[[ Supplied material open ]]

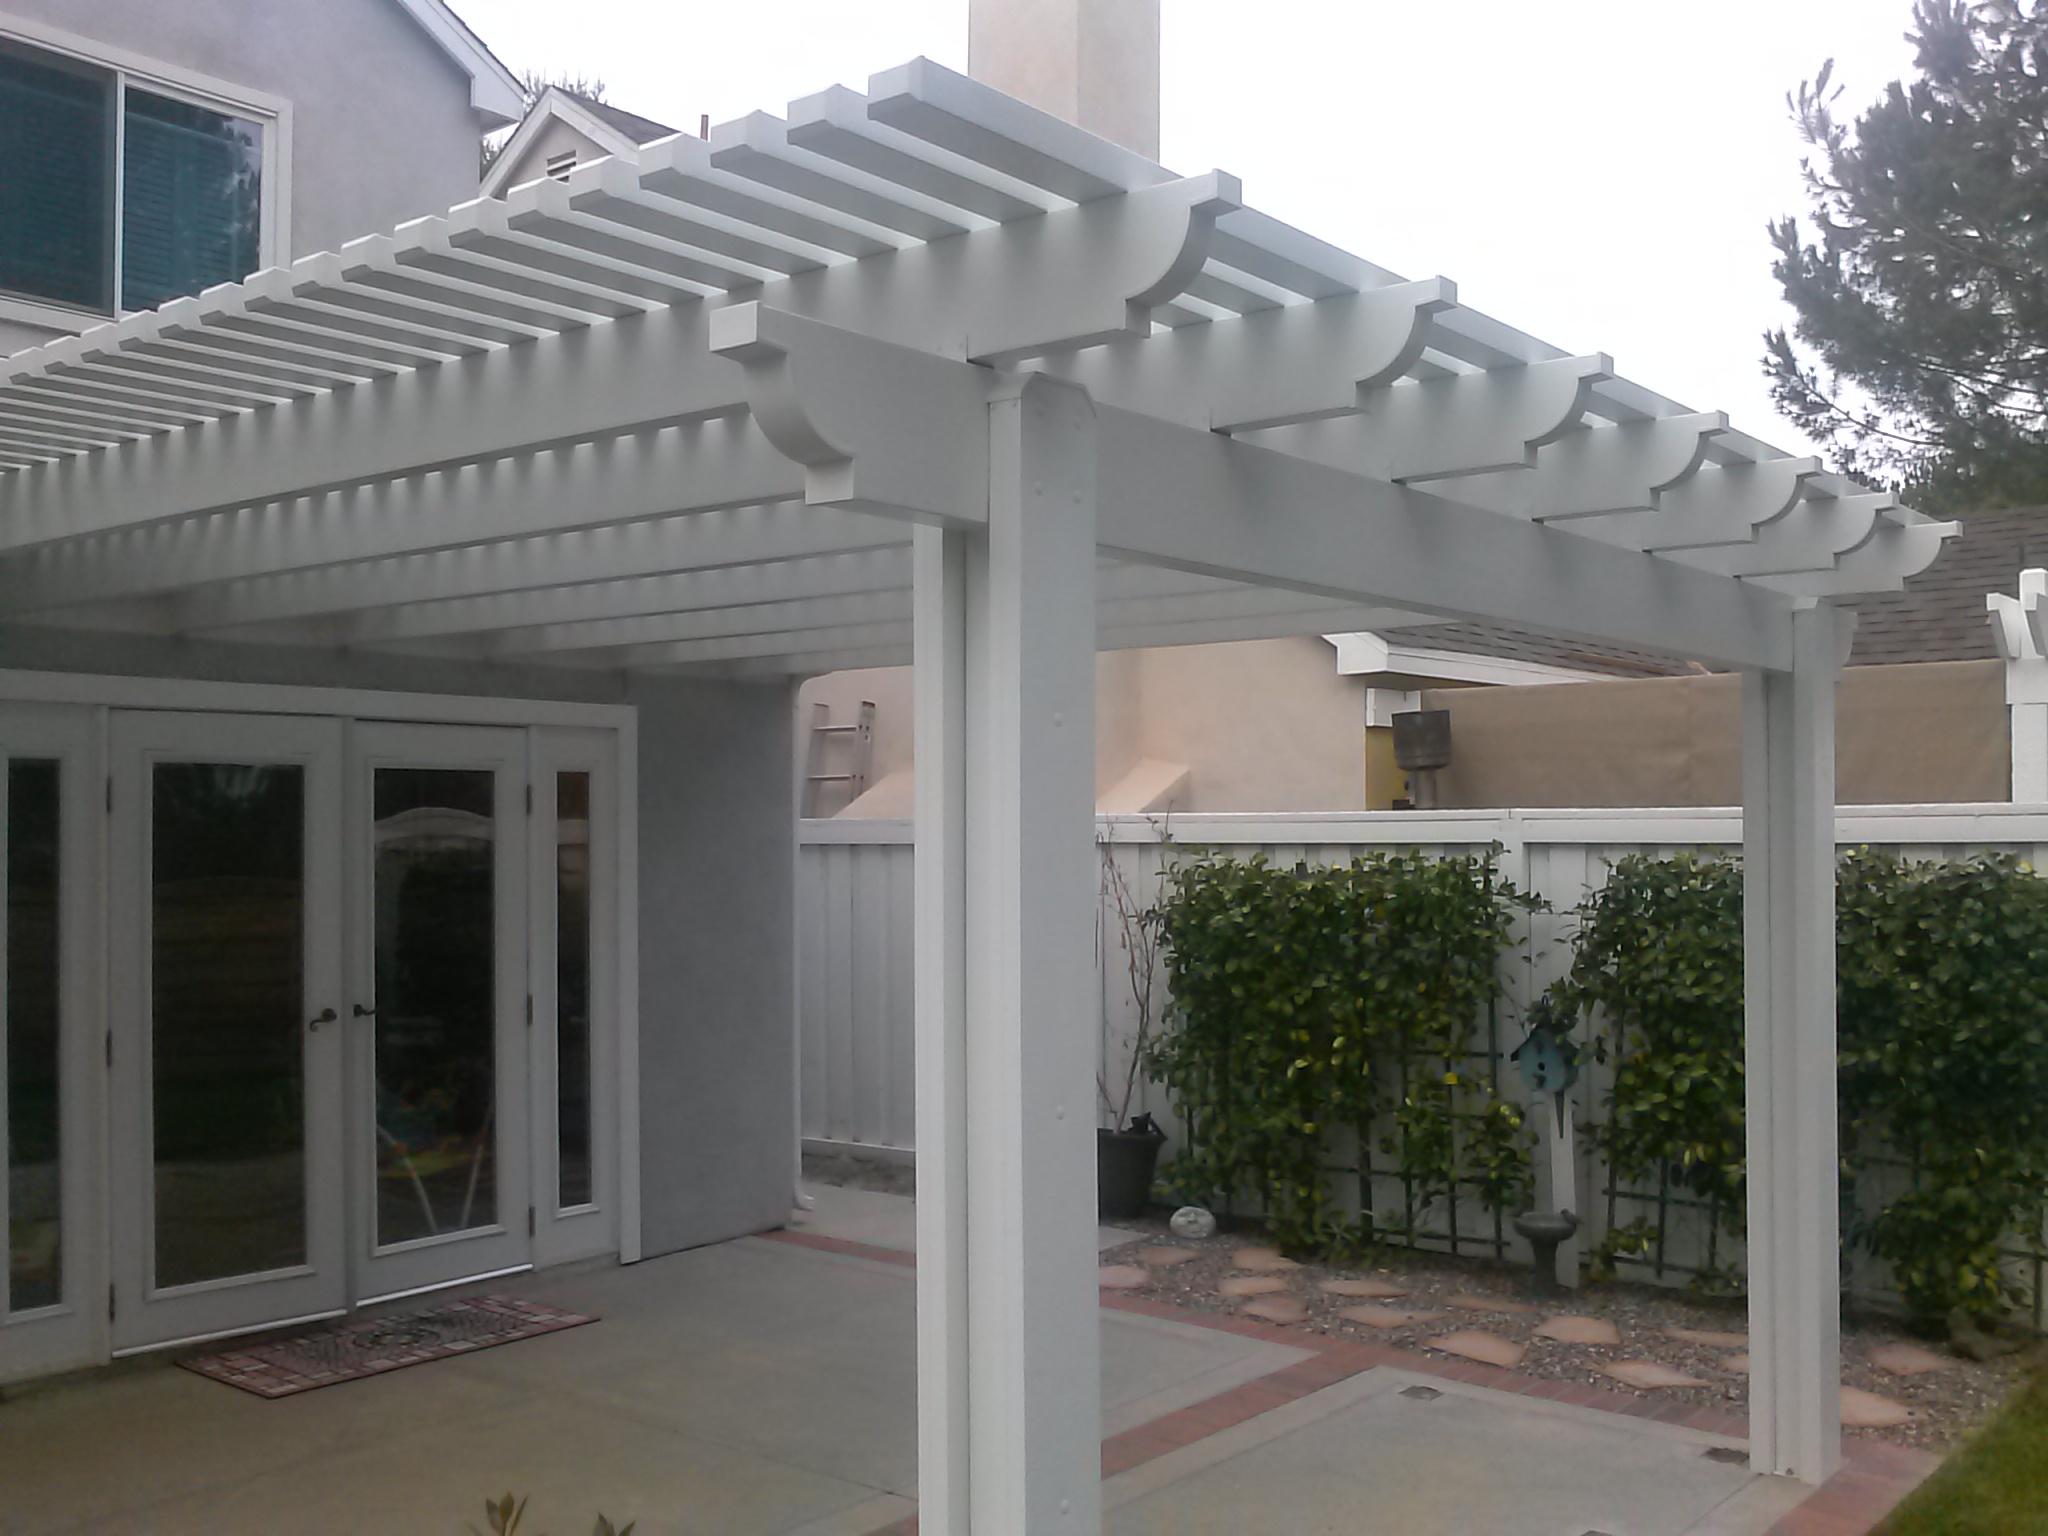 Orange County Alumawood Patio Covers vs Wood Patio Covers on Patio Cover Ideas Wood id=60982
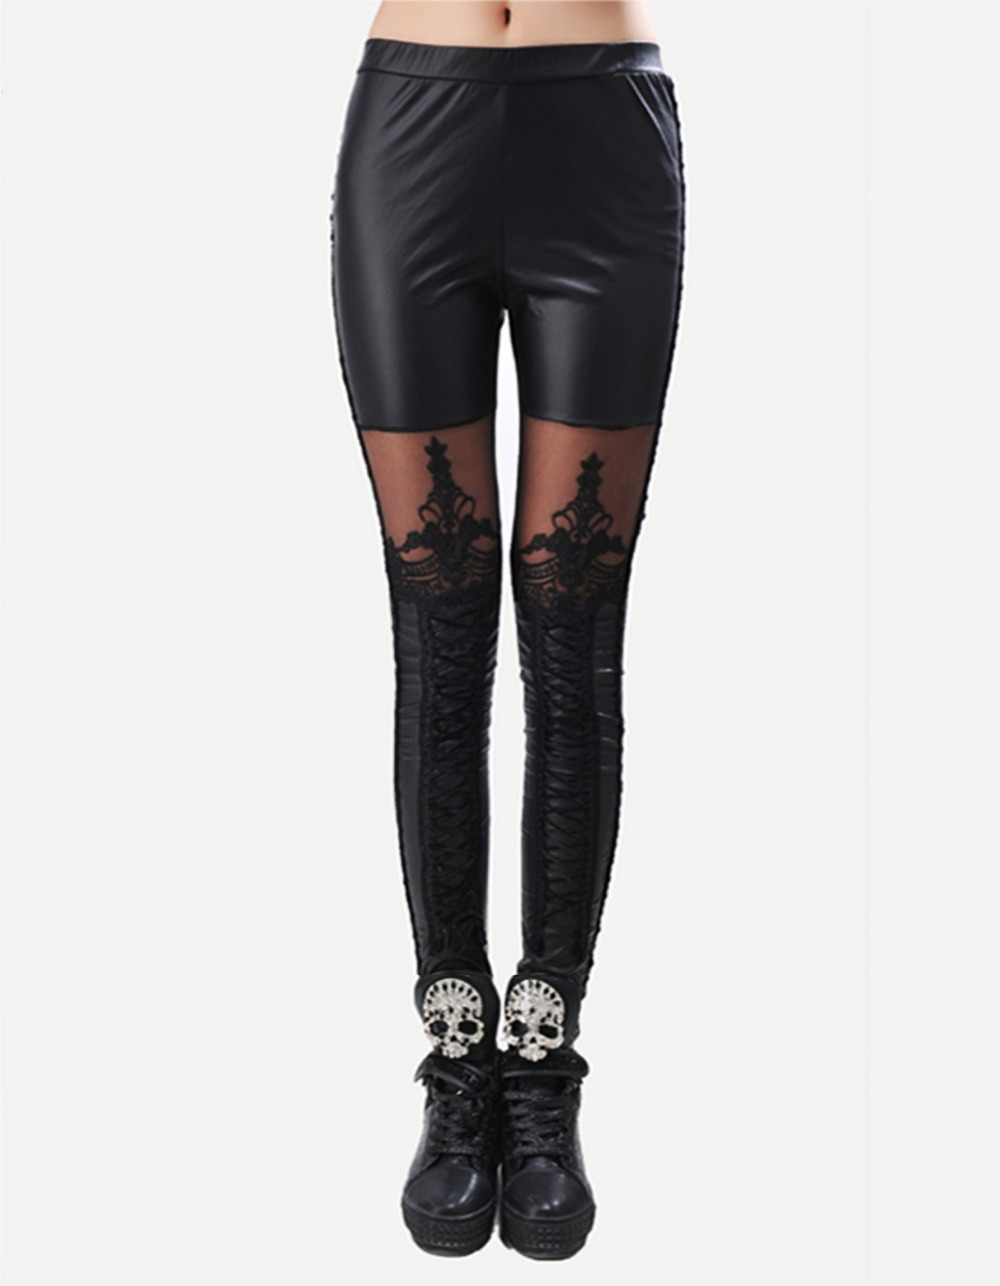 Black Legins Punk Gothic Fashion Women Leggings Sexy PU Leather Stitching Embroidery Hollow Lace Legging For Women Leggins 15 5
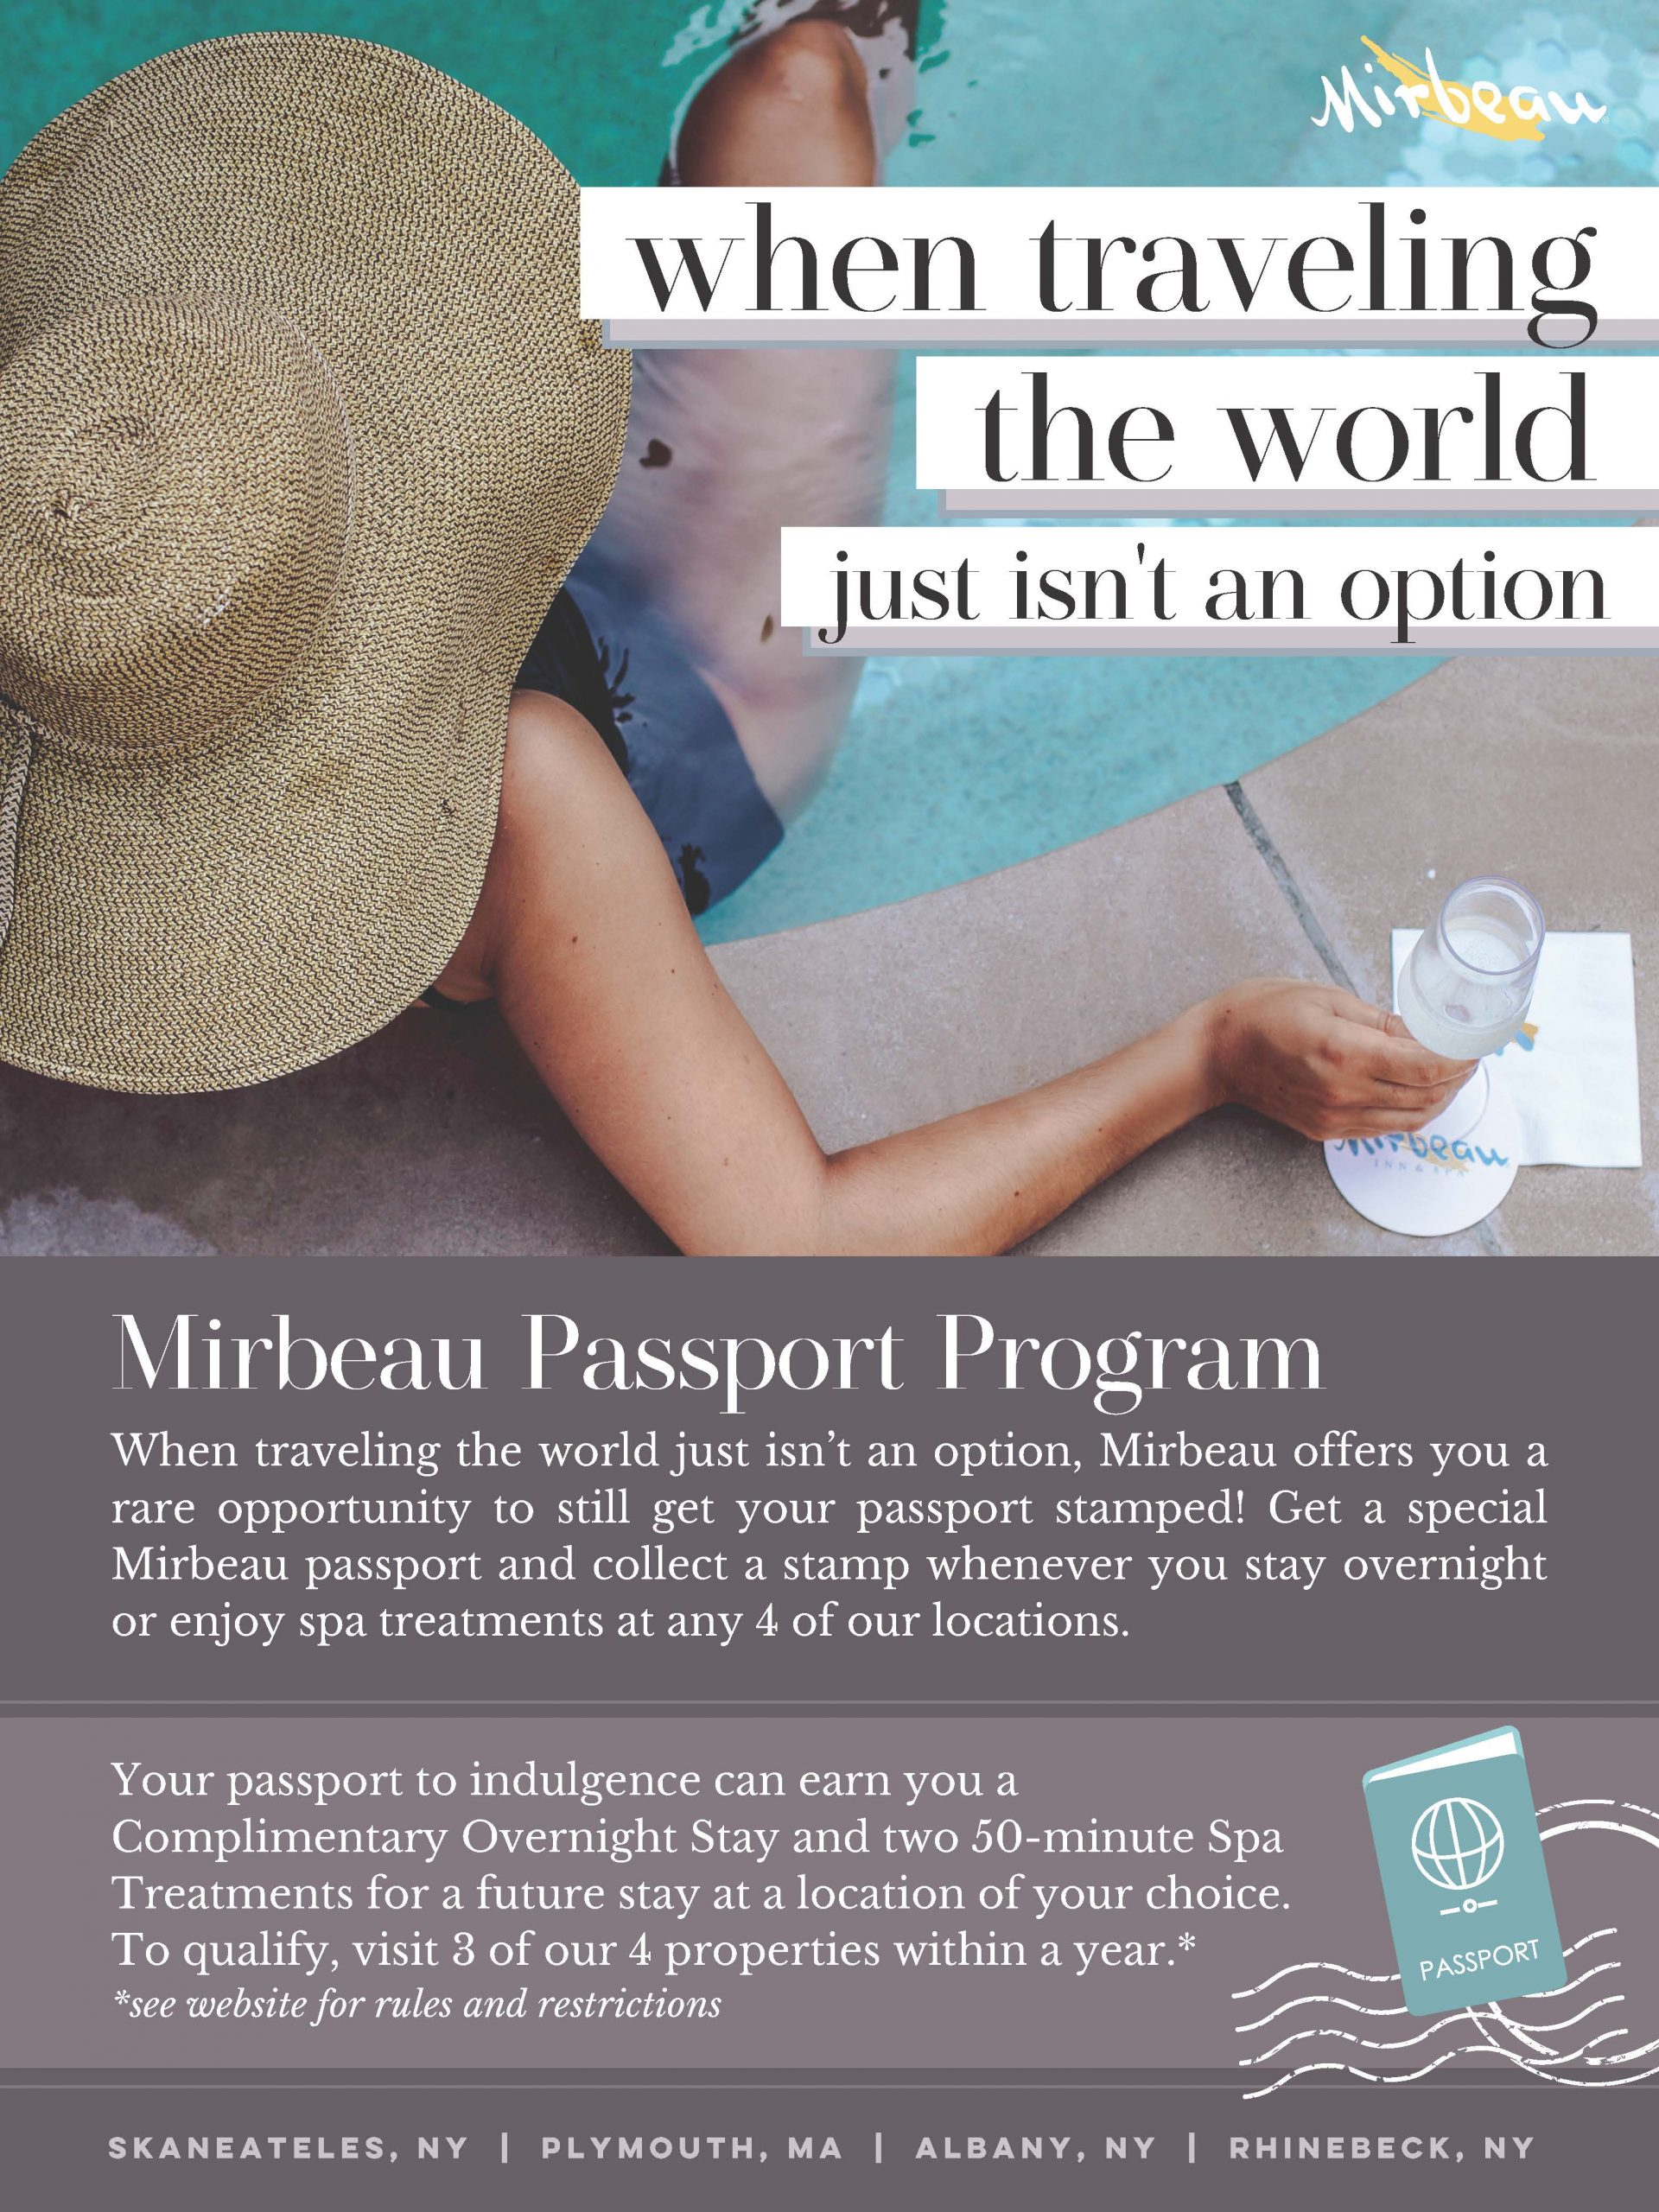 Spa MHS Passport Program 18x24 1

[[ Supplied material closed ]]

**What to work on:**
Retype the data above in full, exactly as it stands, and skip any image.

**Worked solution:**
 Orange County Alumawood Patio Covers vs Wood Patio Covers on Patio Cover Ideas Wood id=60982
 Black Legins Punk Gothic Fashion Women Leggings Sexy PU Leather Stitching Embroidery Hollow Lace Legging For Women Leggins 15 5
 Spa MHS Passport Program 18x24 1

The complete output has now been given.